Обри заказал красного вина, чтобы угостить своих соседей, но парни не слишком обрадовались такой щедрости, очевидно, сделав вывод, что незнакомый тип околачивается в кабачке не просто так. Обри почувствовал, что ему не доверяют, что на его вопросы отвечают неохотно, и пустился на все хитрости, в итоге все-таки выяснив главное: Фредди-Уж появился в этом заведении два года назад. Сначала он показывал фокусы со змеями в одиночку, а позднее привлек Яву, бывшую парижскую кокотку. Чем еще занимается Фредди, никто не знал и не интересовался. Его привыкли видеть только здесь и только в ночные часы.
Обри не рискнул продолжать «дознание», к тому же трое его соседей, заподозрив в нем шпиона, вскоре покинули заведение. В зале оставалось человек двадцать: одни оживленно болтали, другие в отупении созерцали стены и потолок, а кое-кто, не рассчитав силы, лежал, уткнувшись пьяной физиономией в столик.
Ява и Фредди-Уж сидели в одном из отдаленных уголков.
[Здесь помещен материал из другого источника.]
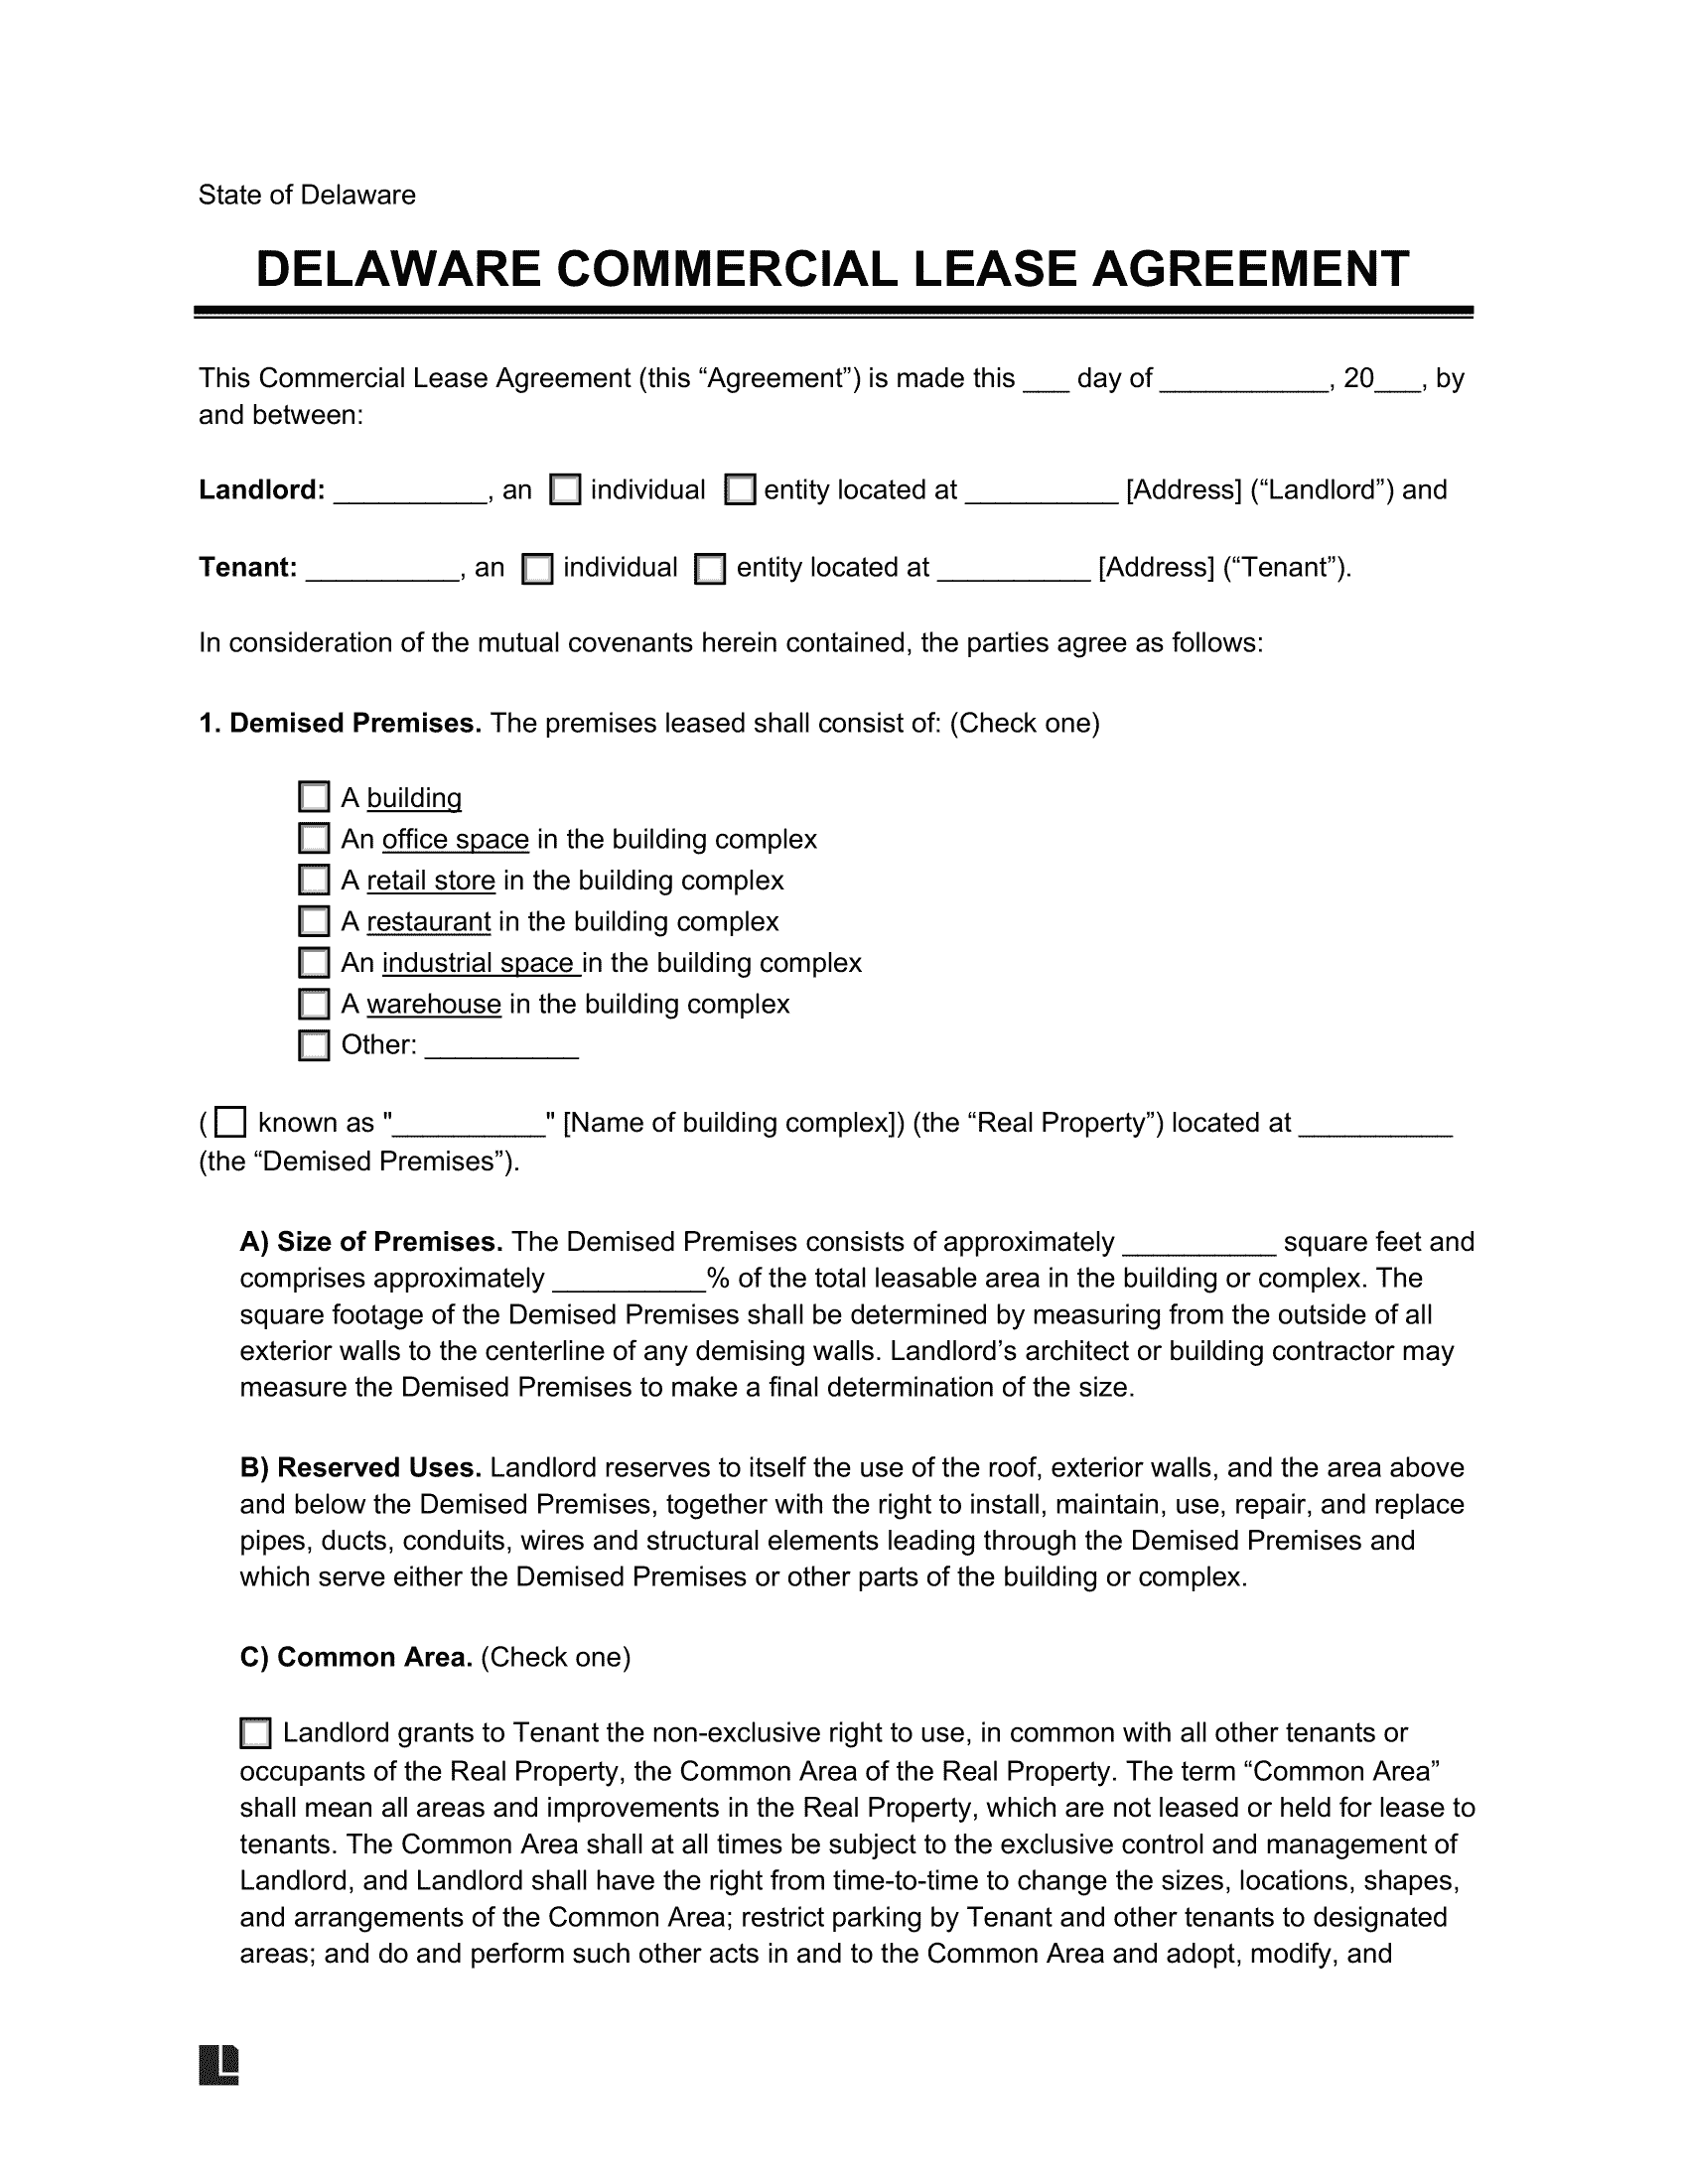 Delaware Commercial Lease Agreement

Он, лениво развалившись, курил одну сигарету за другой и равнодушно рассматривал посетителей. Она, положив голову ему на плечо, что-то томно нашептывала на ухо. Обри видел их сквозь густую завесу дыма, но не мог разобрать ни слова. Ему показалось, что Ява о чем-то просит своего кавалера и его молчание раздражает ее. Она даже встряхнула его за плечо, но тот не пошевелился. Тогда, словно осмелев, она сделала это вторично, причем сильнее. Жан Морейль, или, вернее, Фредди-Уж, медленно повернул к своей напарнице свирепое лицо, процедил короткое ругательство и занес руку. Ява ловко увернулась от удара, моментально присмирела, обвила шею возлюбленного руками и больше не издала ни звука.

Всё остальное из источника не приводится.